| RECORDED DATA |
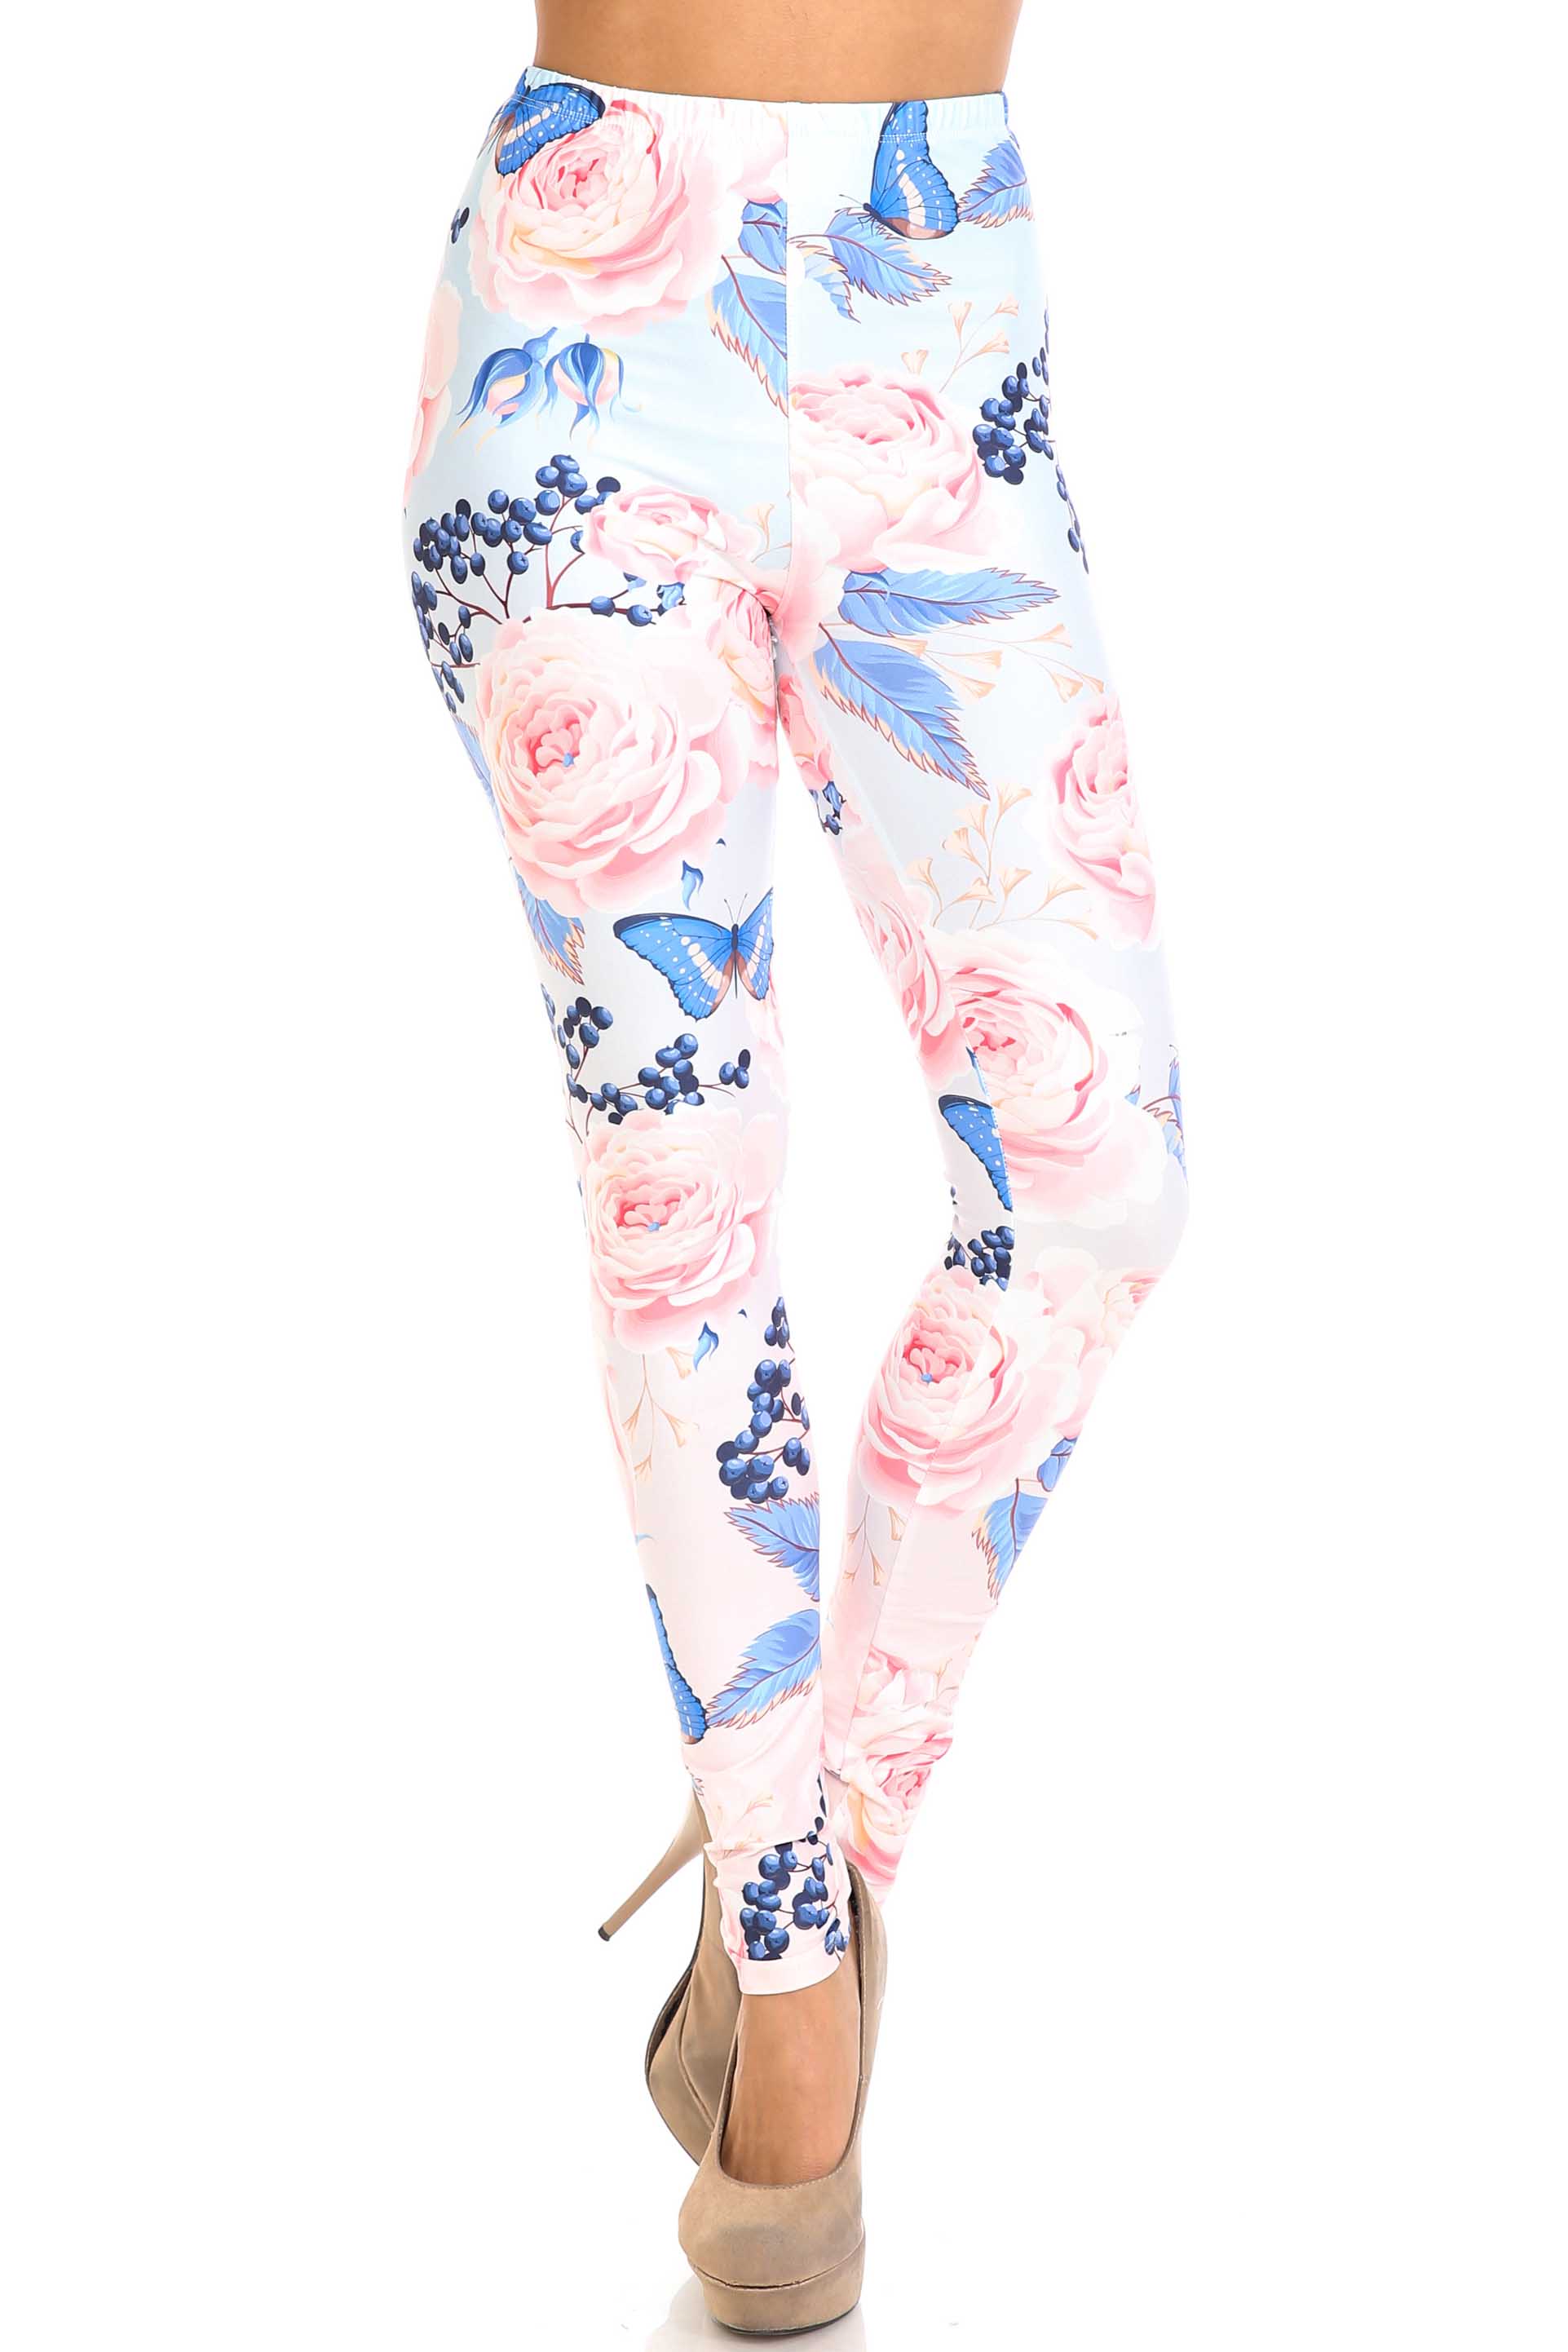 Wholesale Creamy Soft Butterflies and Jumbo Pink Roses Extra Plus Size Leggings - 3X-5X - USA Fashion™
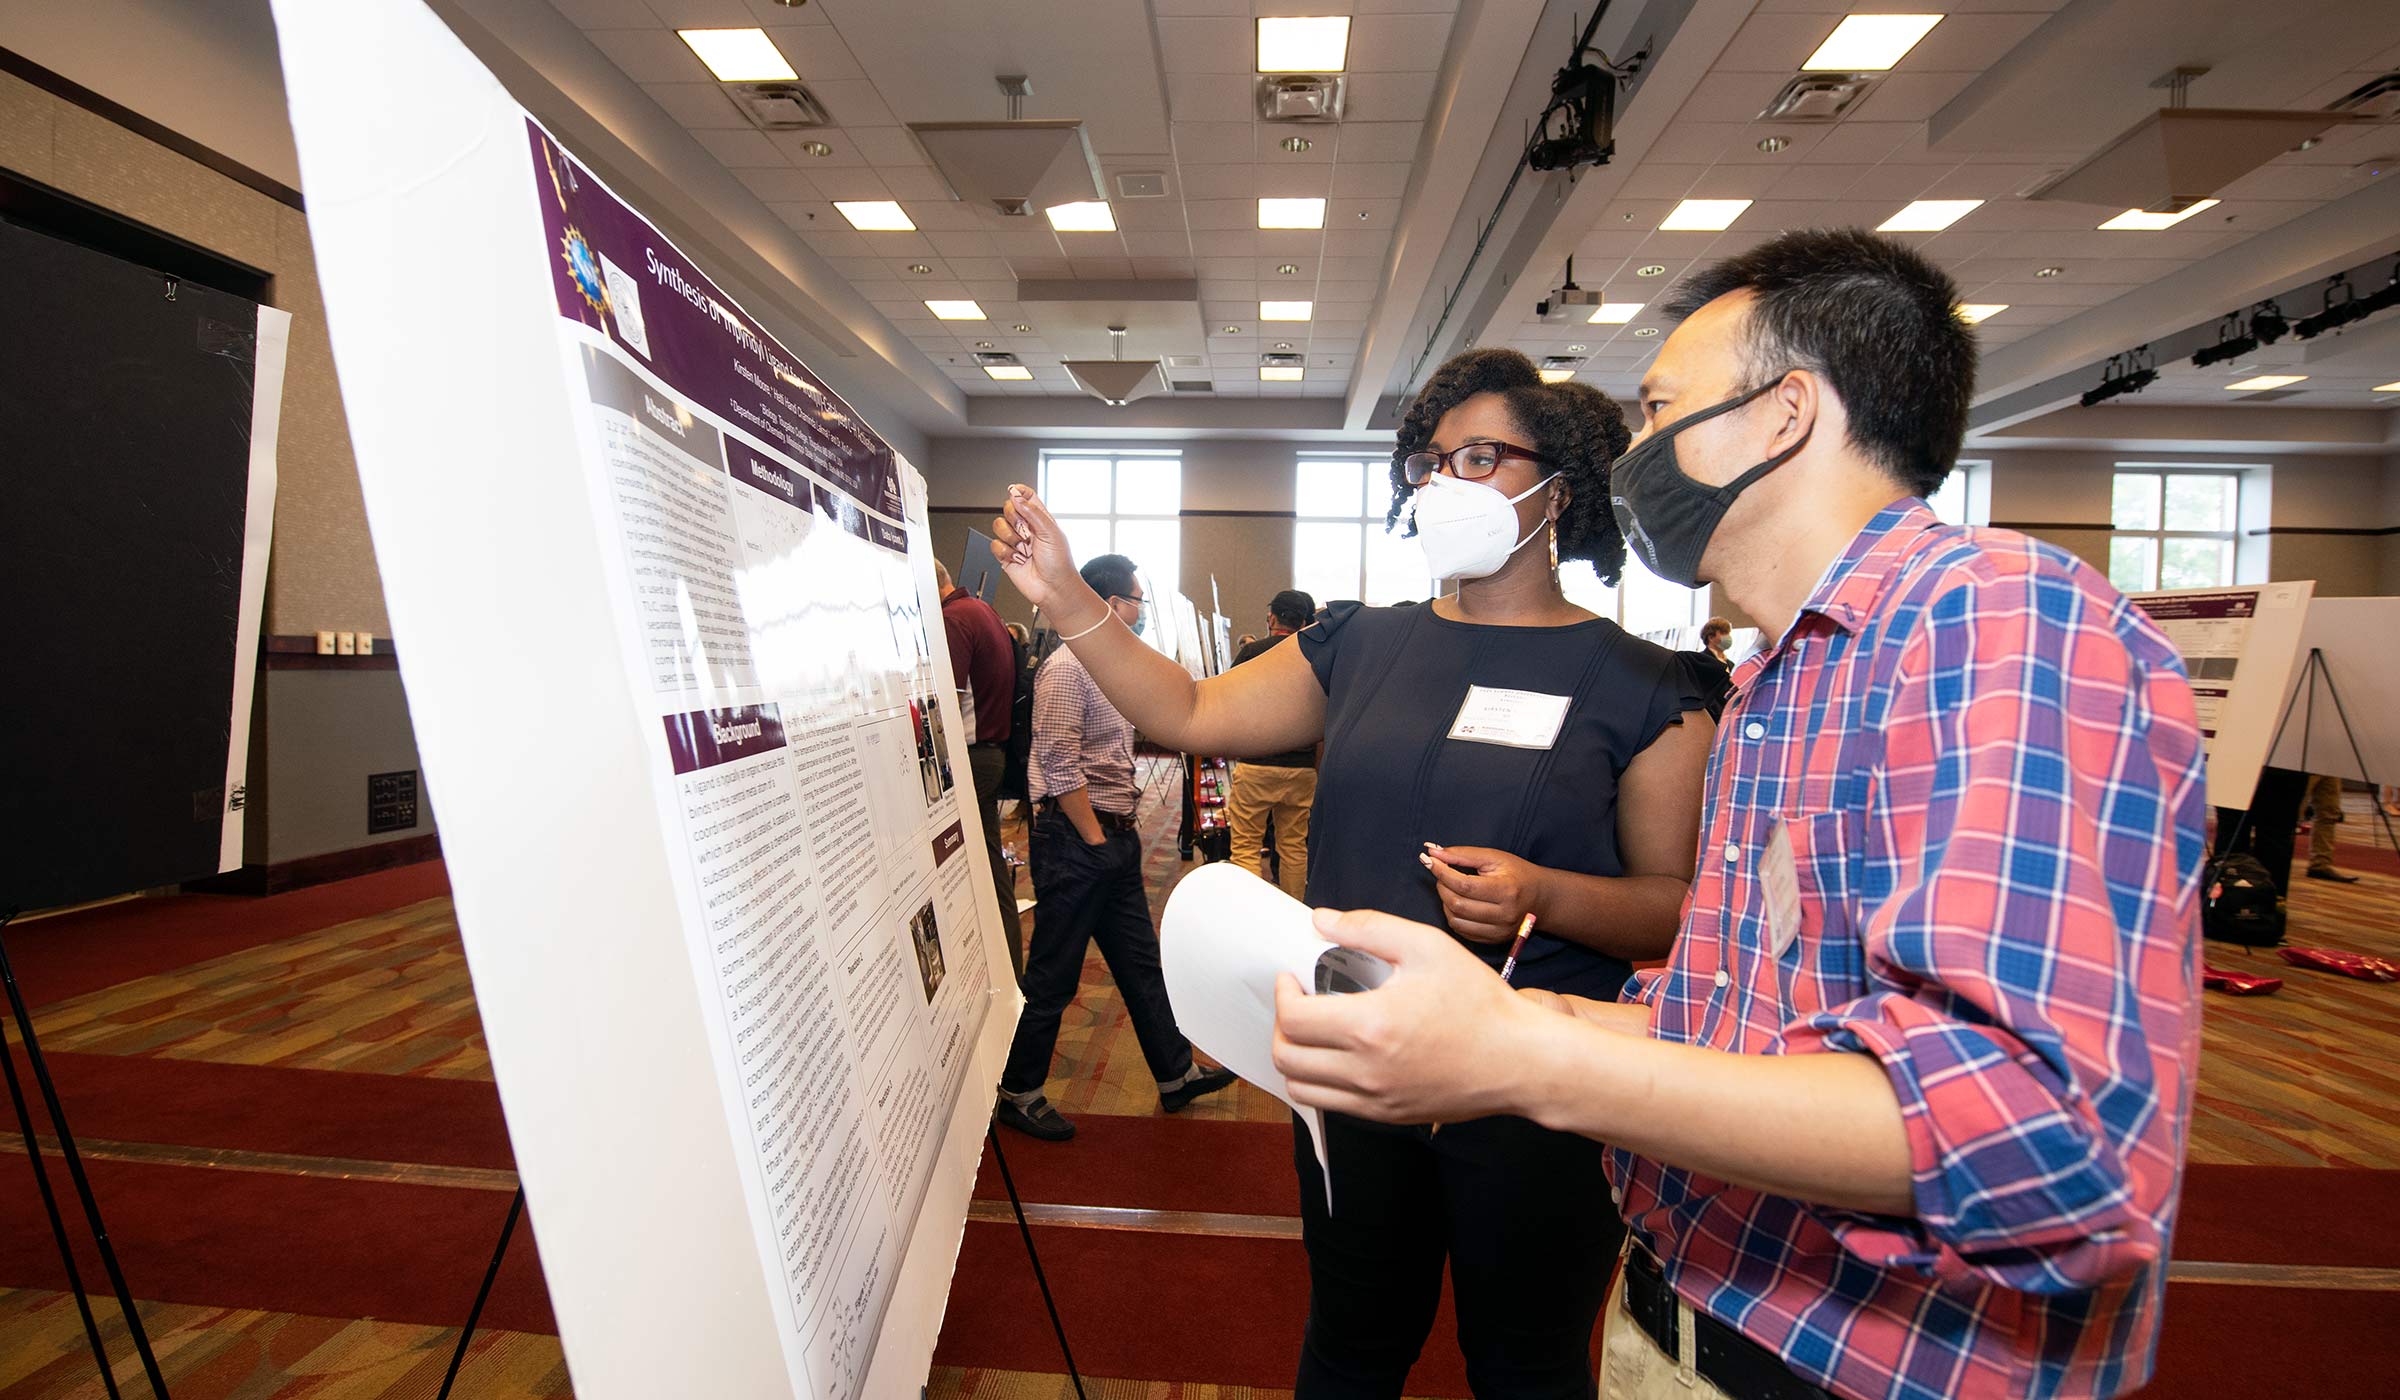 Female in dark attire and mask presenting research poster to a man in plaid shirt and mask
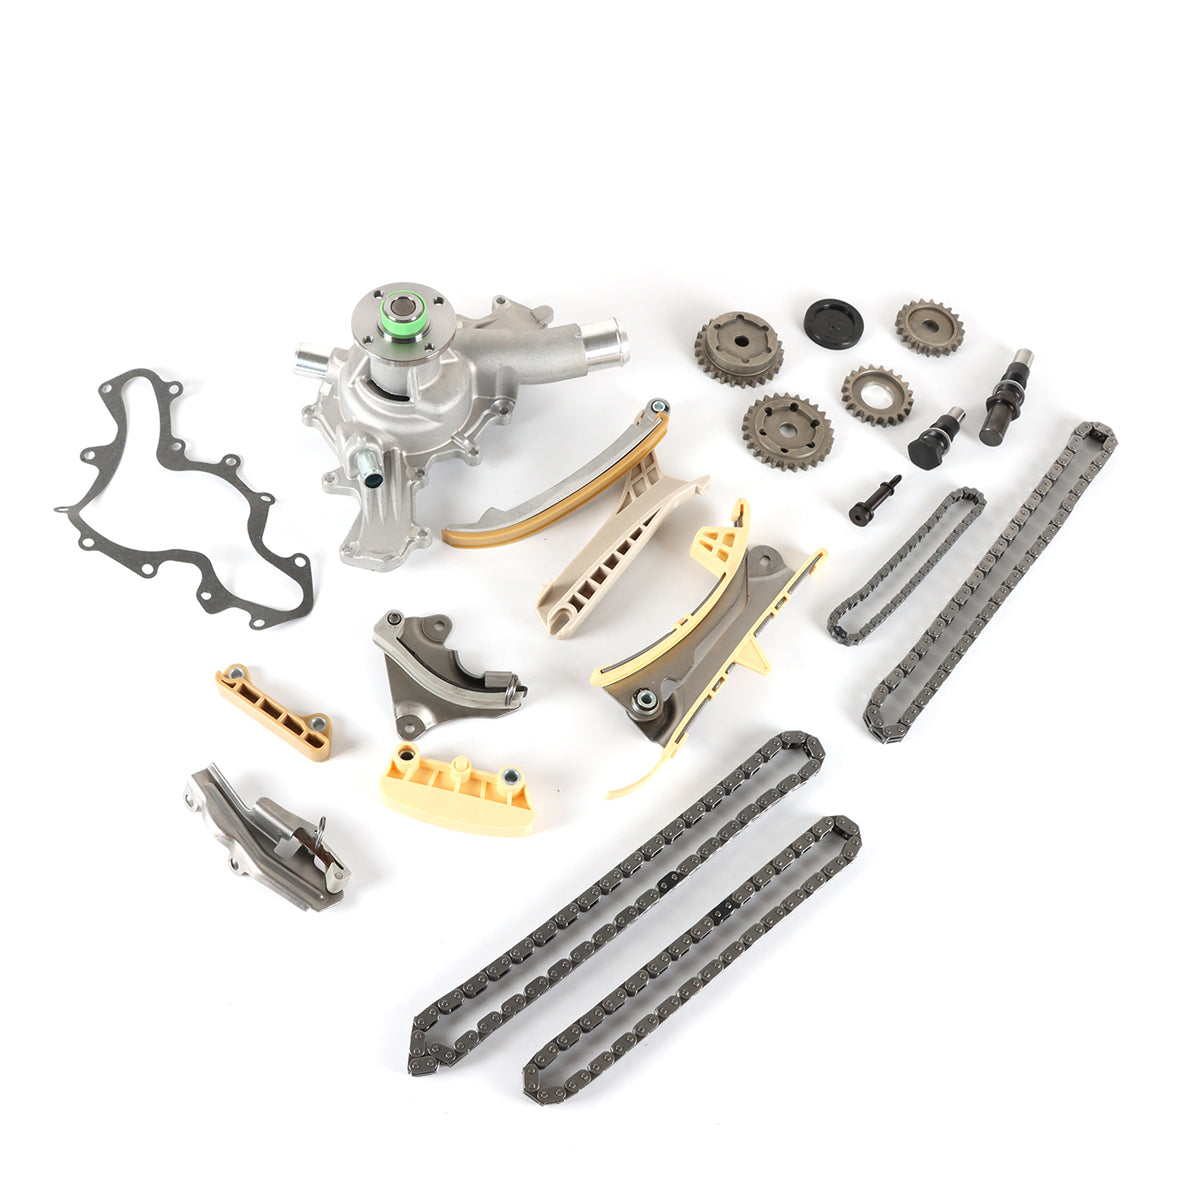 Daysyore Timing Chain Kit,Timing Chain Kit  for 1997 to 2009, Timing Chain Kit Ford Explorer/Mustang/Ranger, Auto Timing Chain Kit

| REQUIREMENT |
Reproduce the material above verbatim; omit every picture.

| RESPONSE TO THE TASK |
 Wholesale Creamy Soft Butterflies and Jumbo Pink Roses Extra Plus Size Leggings - 3X-5X - USA Fashion™
 Female in dark attire and mask presenting research poster to a man in plaid shirt and mask
 Daysyore Timing Chain Kit,Timing Chain Kit  for 1997 to 2009, Timing Chain Kit Ford Explorer/Mustang/Ranger, Auto Timing Chain Kit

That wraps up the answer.